# Quizmaster by Philip Lassen




## Classification Component

In order to classify the questions based on category, I created a web-crawl. The web crawl logic is remarkably simple yet achieves quite good results.  (Note that it is important that out.csv, question_answer.csv and crowd.tsv are all in the same directory for the code to run) 

In [1]:
import operator
import sys
import random
import numpy as np
import csv
import time
import pandas as pd
from googlesearch import search

The web crawl code works by simply choosing a handful of words that correspond to each of the categories. Then for each question in the file it pulls up 15-40 of the urls from a google search of the question. It then checks each of these urls for an occurance of any of the keywords. Whichever category has the most occurences of keywords in the URLs is then chosen as the topic label.

In [7]:
index = 0
count = 0
music_words = {"song", "single", "album", "artist", "singer", "music"}
sport_words = {"sport", "olympics", "medal", "athlete", "competition", "win"}
game_words = {"xbox", "playstation", "game", "nintendo", "wii"}
kids_words = {"kid", "series", "history", "child", "happy", "cartoon"}
technology_words = {"science", "chem", "physic", "math", "computer"}
word_map = {"sports" : sport_words, "music" : music_words, "video-games" : 
            game_words, "for-kids" : kids_words, "science-technology" : technology_words}
count_map = {topic : 0 for topic in word_map.keys()}

# Code takes hours to run, if False is set to True
Run = False
if Run:
    test_data =  pd.read_csv("question_answer.csv", header = None, names = ["Question", "Answer"], sep=";")
    wtr = csv.writer(open ('out.csv', 'a'), delimiter=',', lineterminator='\n')
    q_count = index
    time_start = time.time()
    for q in test_data["Question"][index:]:
      q_count += 1
      print("Question Number: " + str(q_count), file = open("crawl_log.txt", "a"))
      print(q, file = open("crawl_log.txt", "a"))
      count_map = {topic : 0 for topic in word_map.keys()}
      url_num = random.randint(15, 41)
      wait_time = round(random.randrange(0, 1), 2) + random.randint(1, 4)
      result = search(q, num = url_num, pause = wait_time, stop = url_num)
      for r in result:
        for (topic, words) in word_map.items():
          count = 0
          for w in words:
            if w in r.lower():
              count += 1
          count_map[topic] += count
      label = max(count_map.items(), key=operator.itemgetter(1))[0]
      print(label , file = open("crawl_log.txt", "a"))
      print(count_map, file = open("crawl_log.txt", "a"))
      wtr.writerow([label])

One of the issues with the webcrawl is that Google does not approve of webcrawls and thus sporadically denies access to their search engine after too many requests.

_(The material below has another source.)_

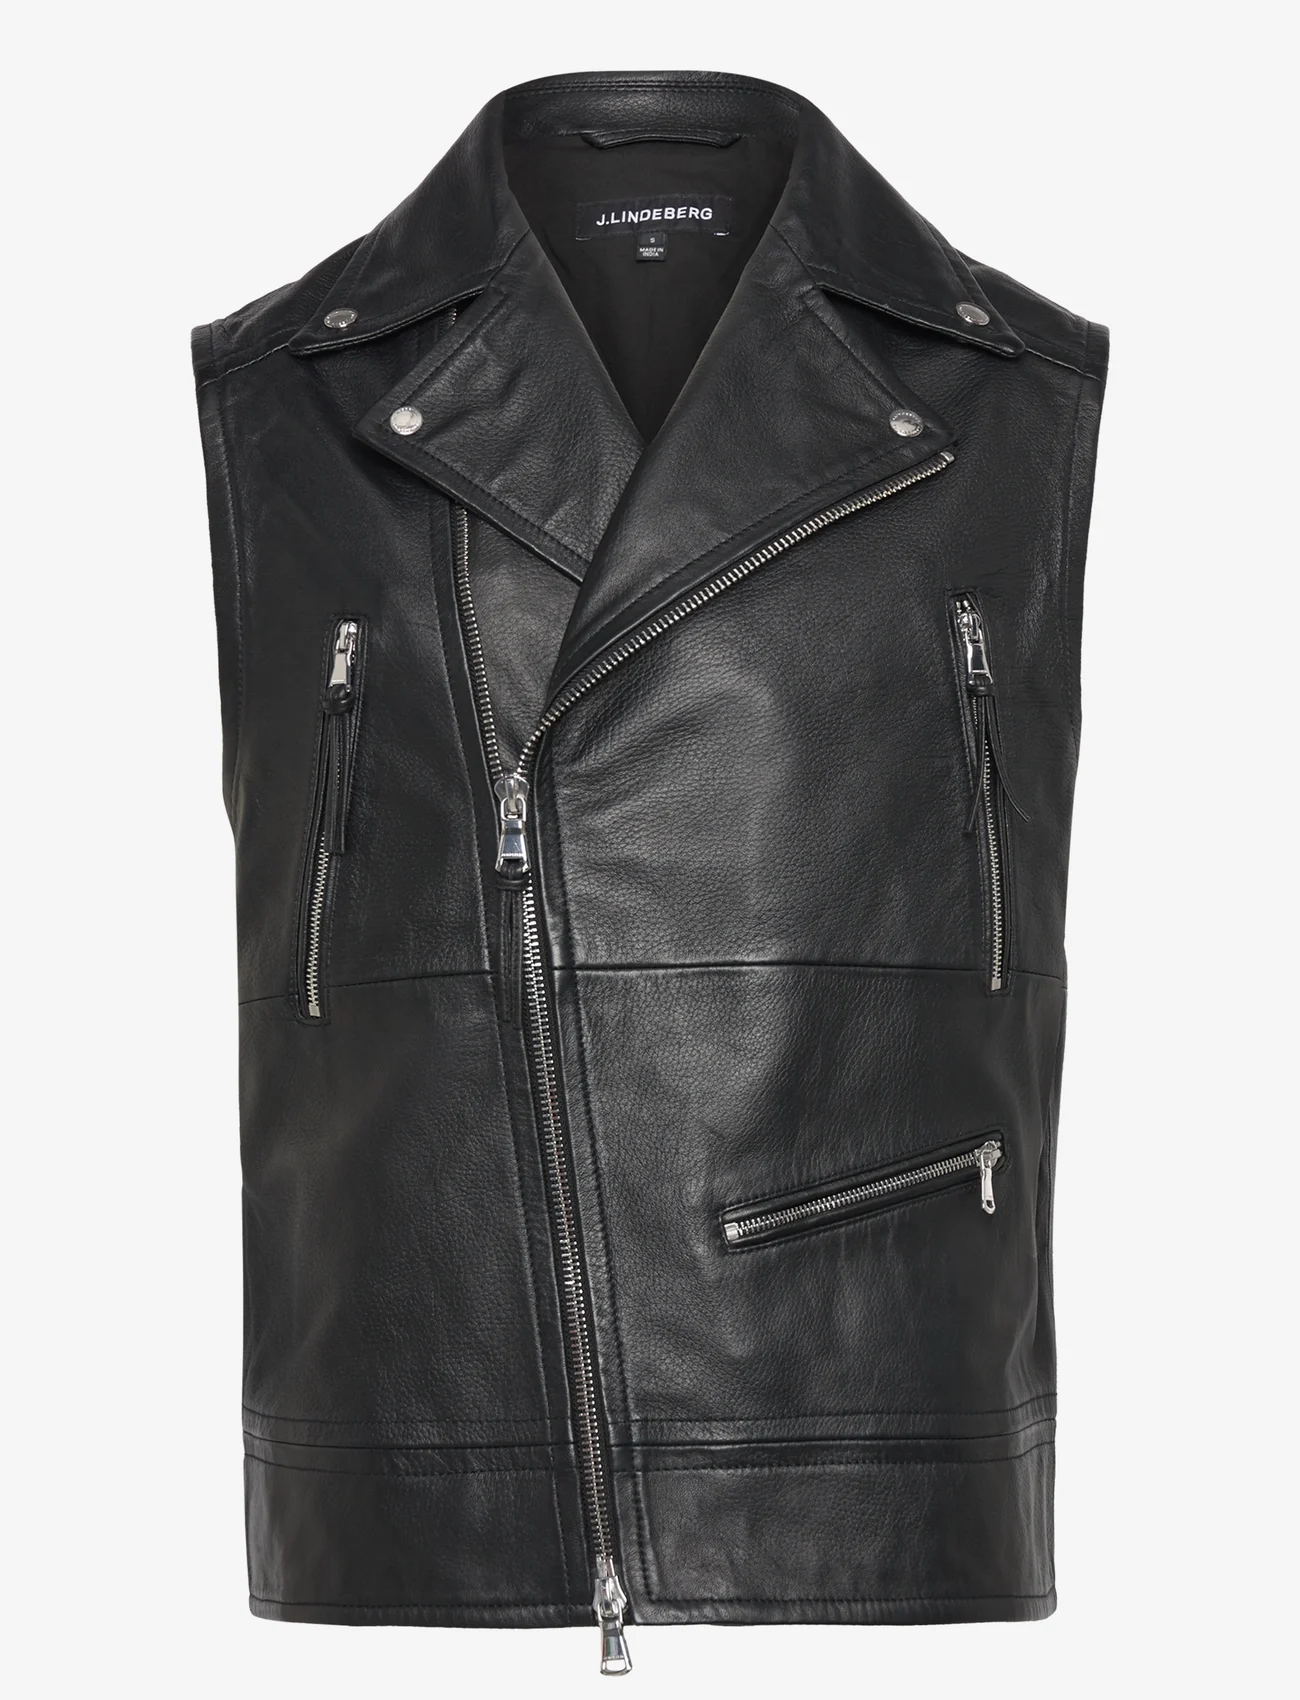 J. Lindeberg - Barrett Leather Biker Vest - spring jackets - black - 0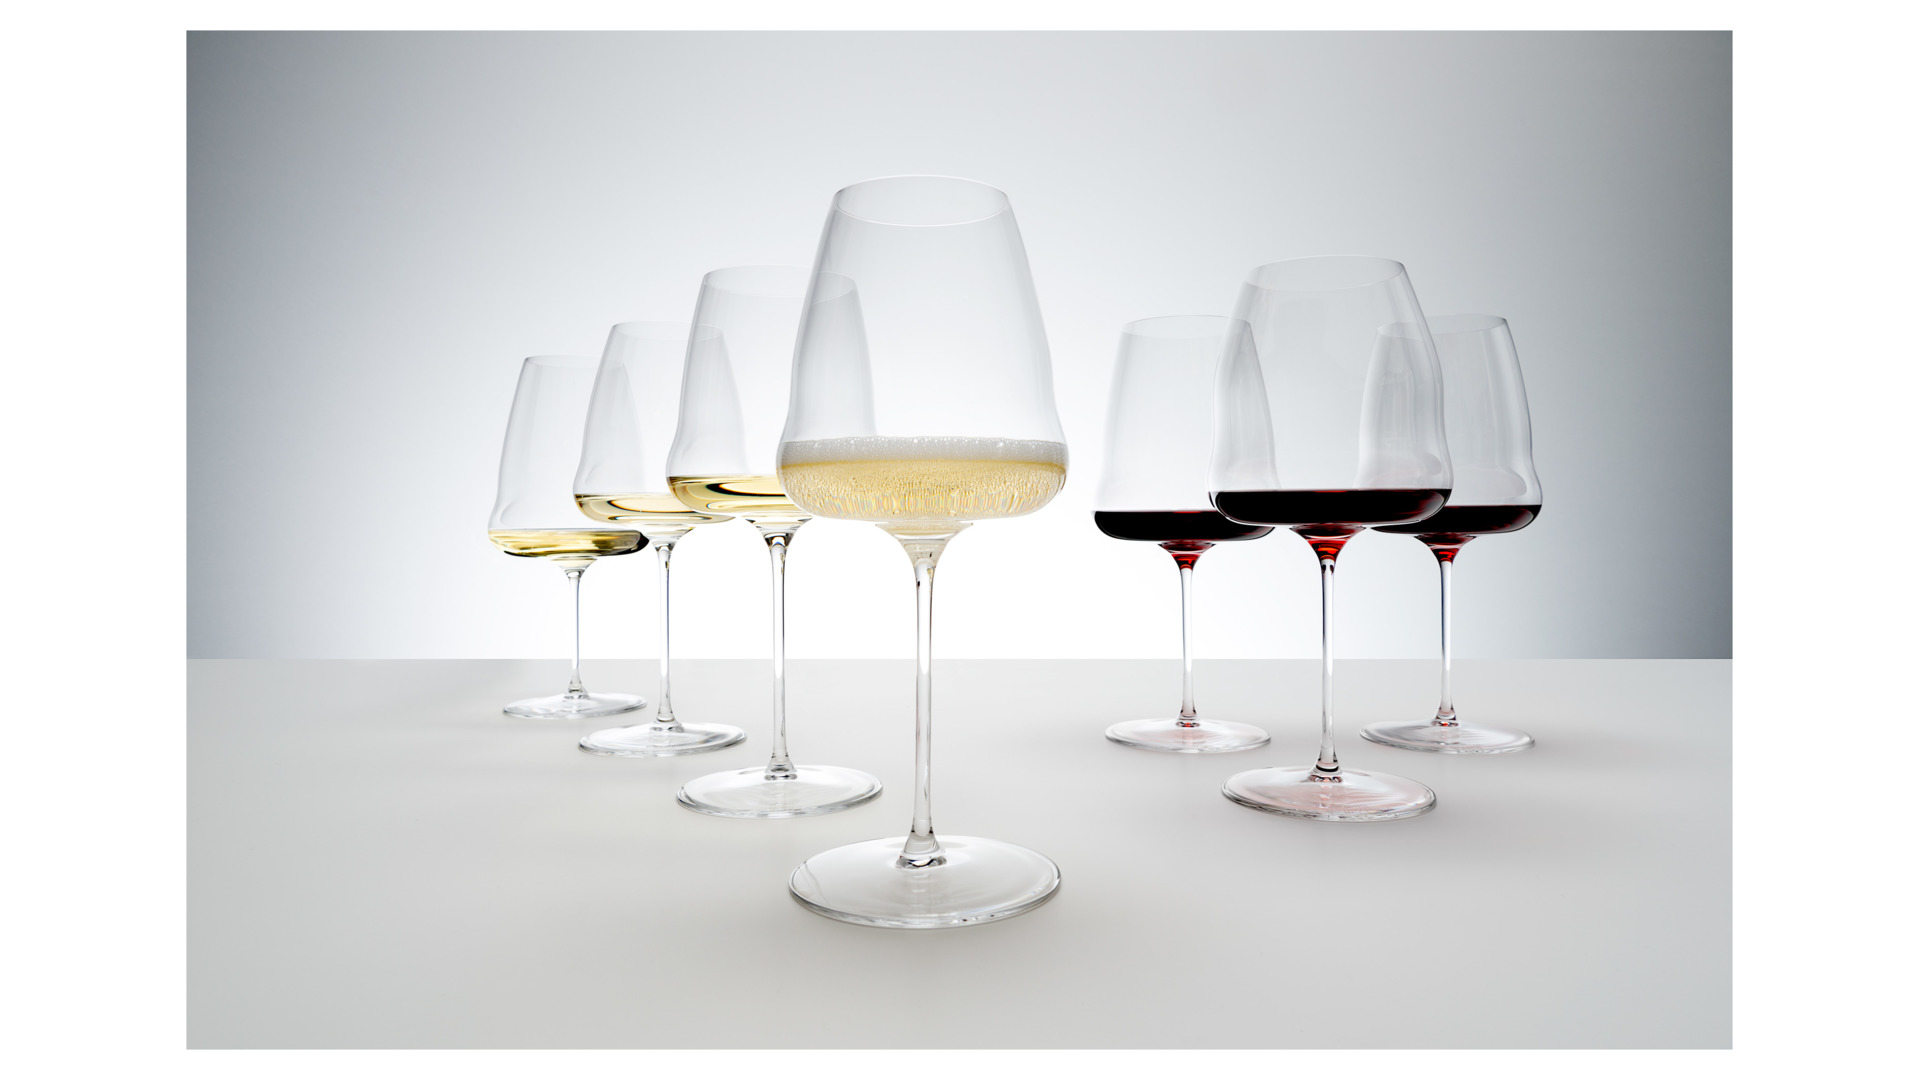 Бокал для белого вина Riedel Wine Wings Шардоне 736 мл, h25 см, стекло хрустальное

Being mindful of this I chose to only crawl every 1-6 seconds. However Google would still deny access at some points. As a work around I logged the last succesful labelling into the file crawl_log.txt. So when the code throws an error, we have the latest succesful labeling. I then wrote a bash script to find the last label and start the program again from where it was previously denied access. I made sure to be mindful of Google, and would only rerun the program every hour, until the webcrawl was succesfully complete.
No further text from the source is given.